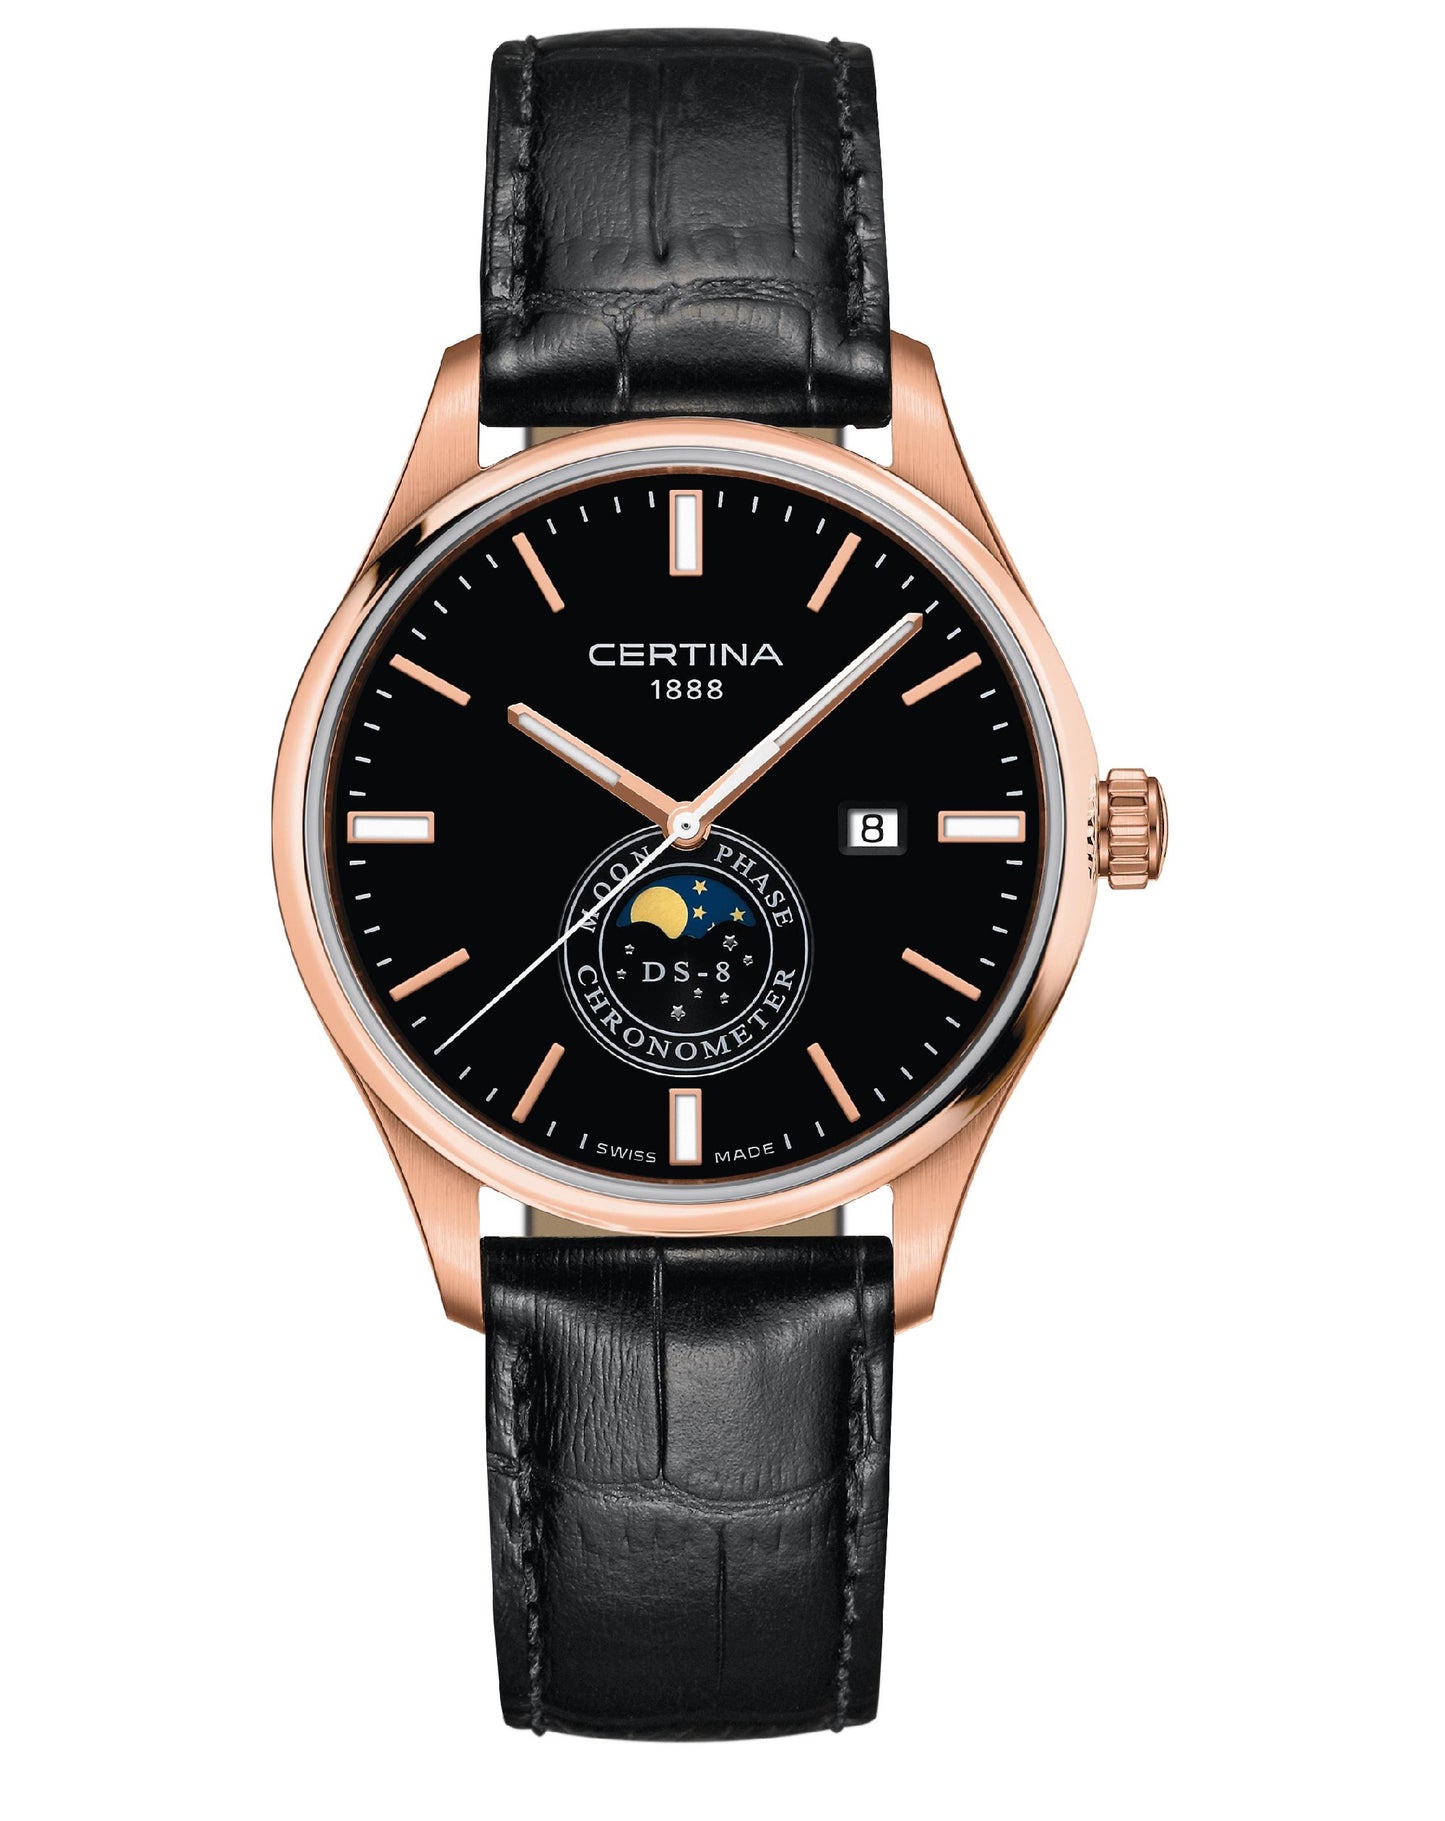 Certina CERTINA DS-8 MOON Phase COSC 41,00MM Watch
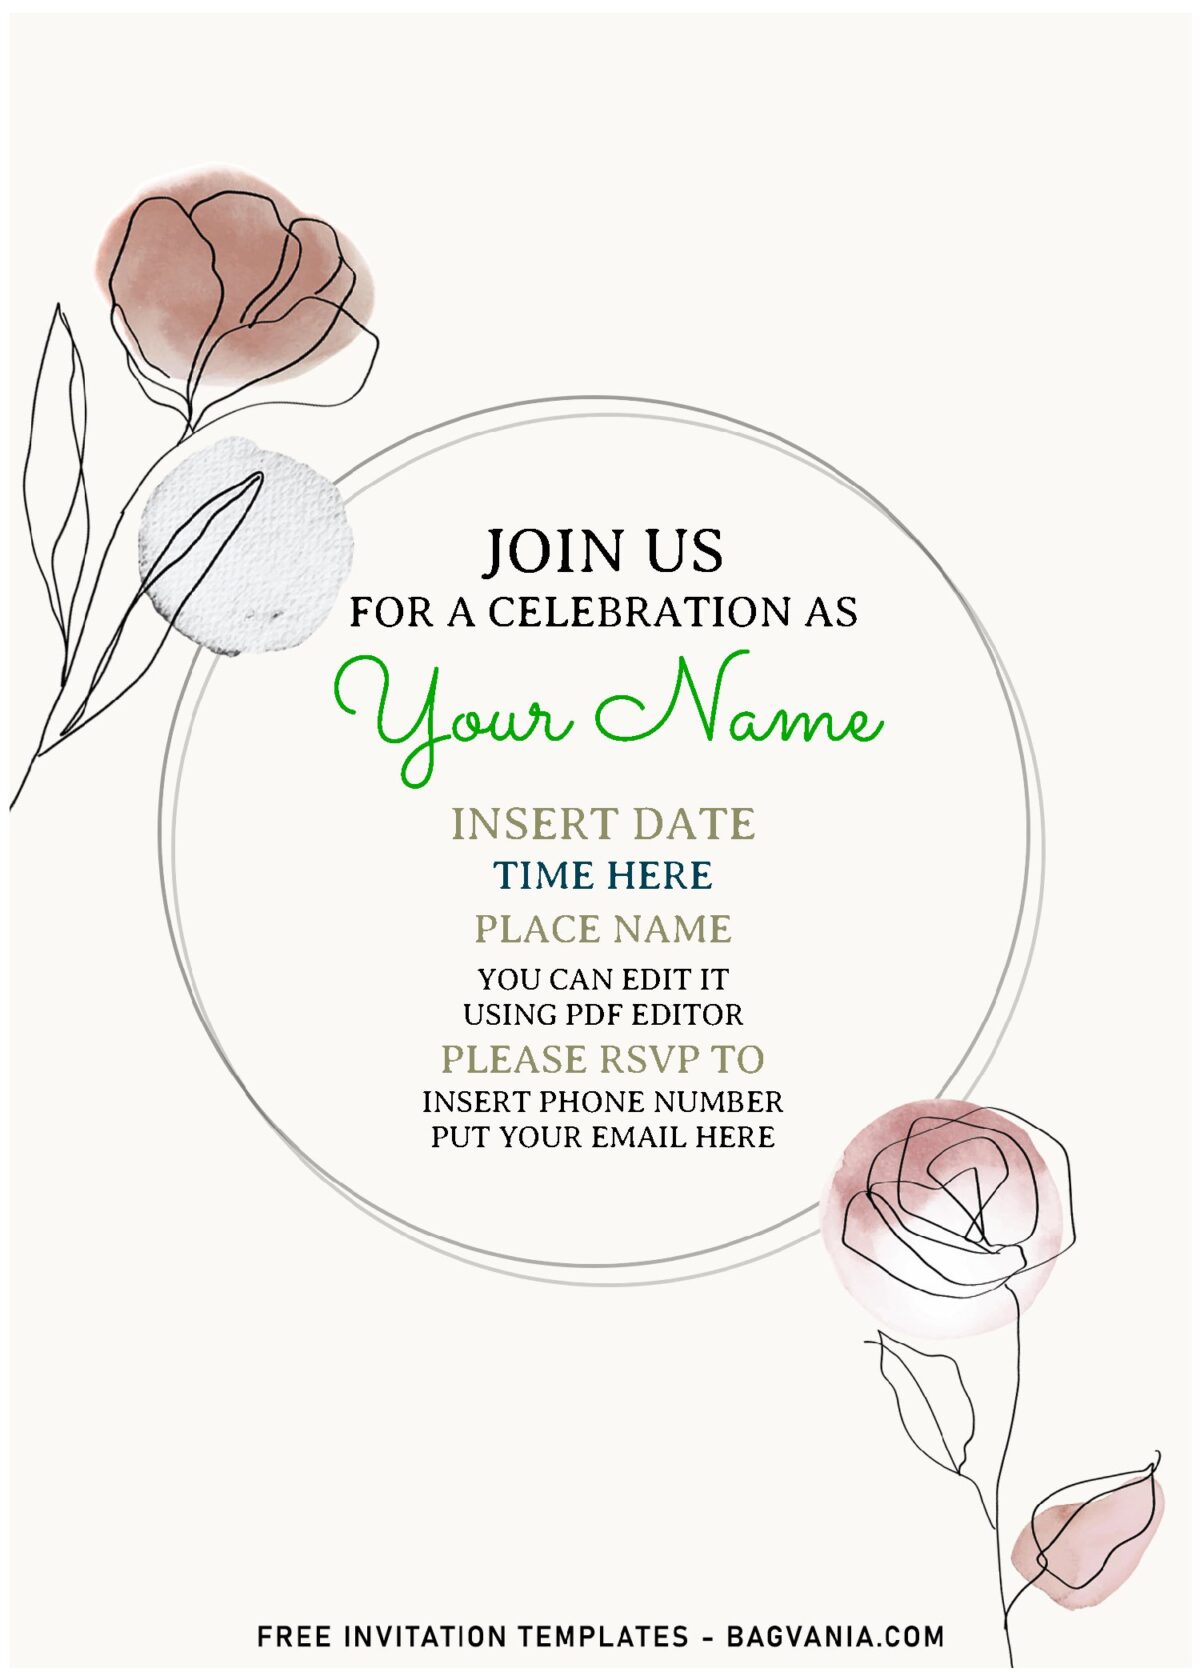 (Free Editable PDF) Artsy Floral Lines Birthday Invitation Templates with watercolor tulips
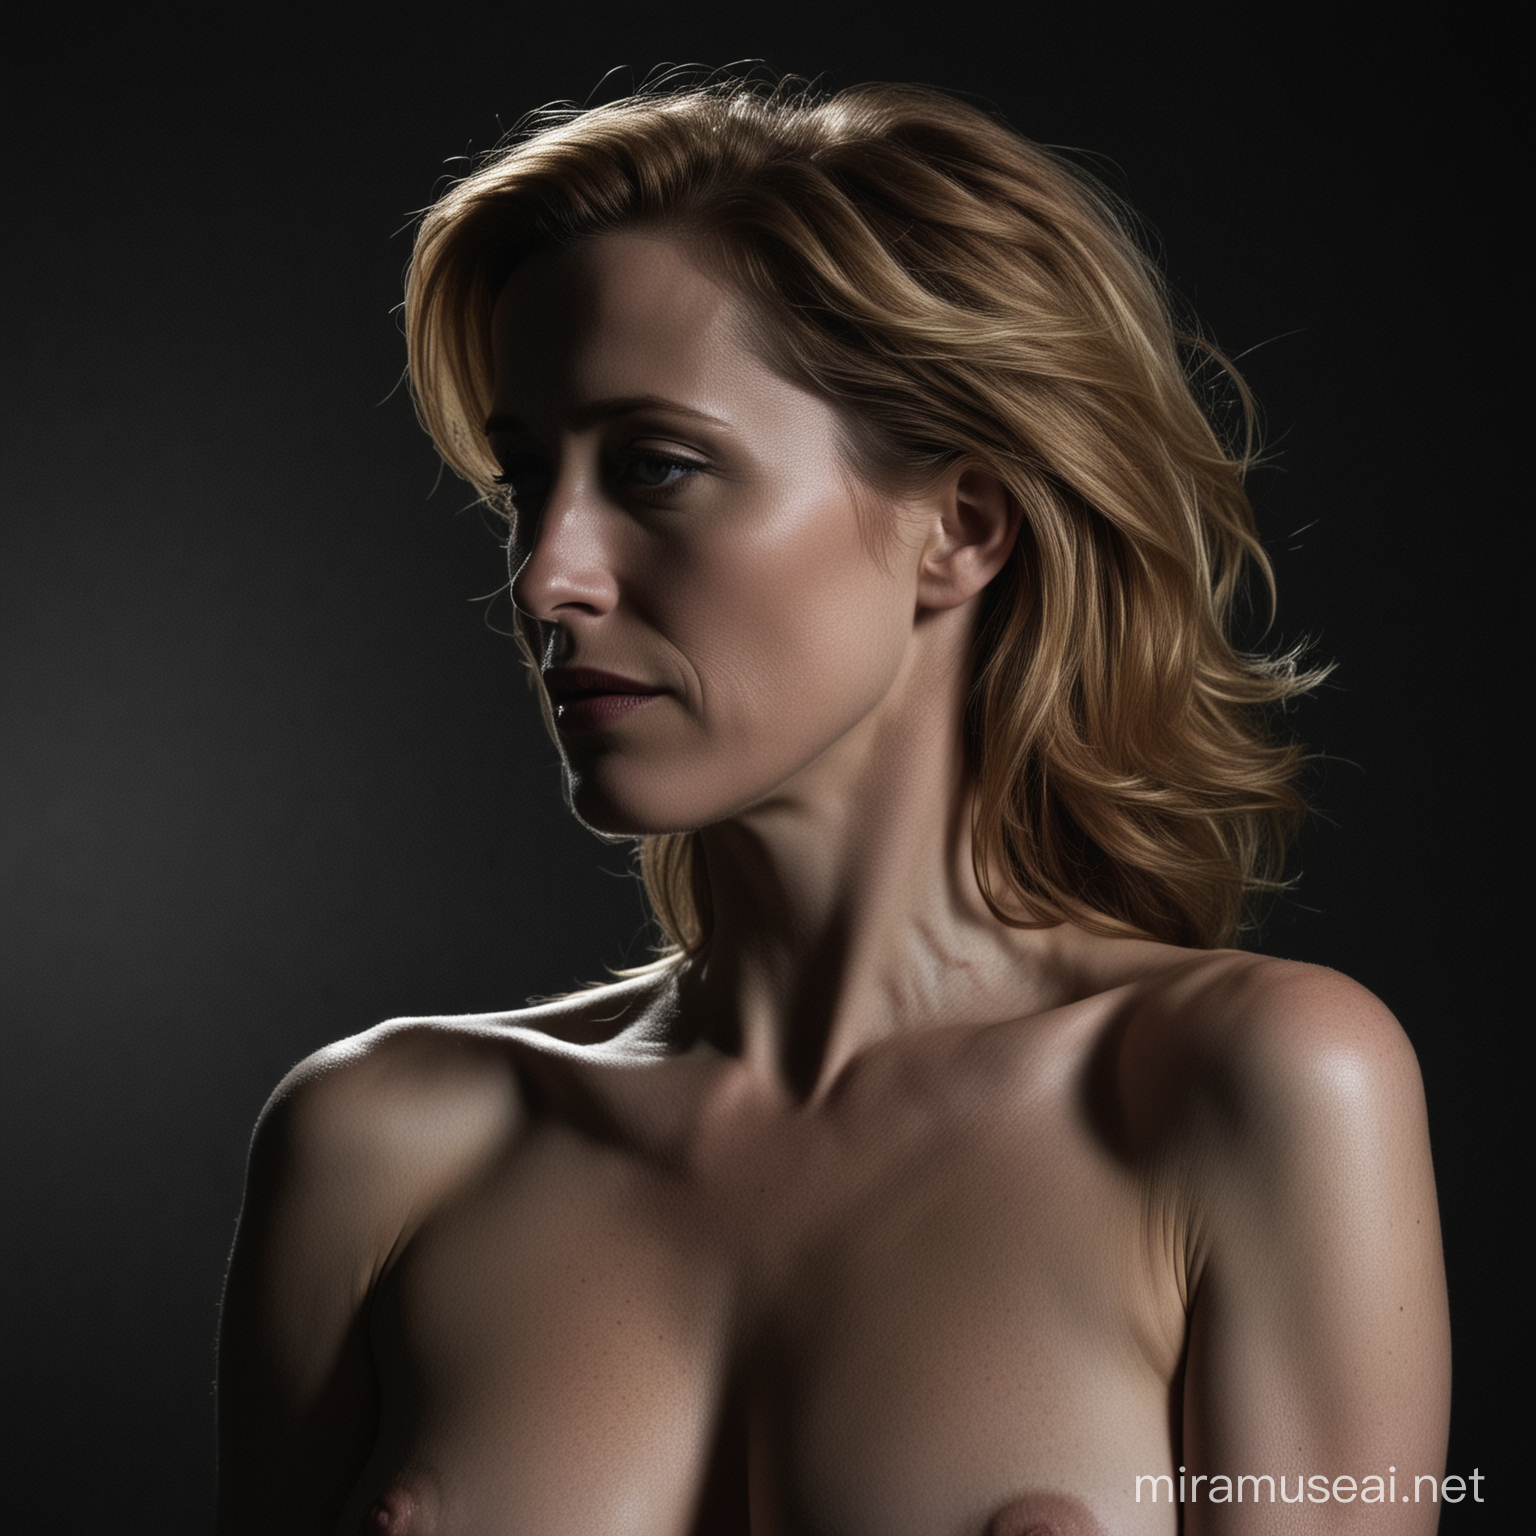 Elegant Silhouette of Gillian Anderson Lost in Thought Against Dark Background

Instructions to follow: Copy the data above word for word. Pictures stay out.

Reply:
 Certina CERTINA DS-8 MOON Phase COSC 41,00MM Watch
 (Free Editable PDF) Artsy Floral Lines Birthday Invitation Templates with watercolor tulips
 Elegant Silhouette of Gillian Anderson Lost in Thought Against Dark Background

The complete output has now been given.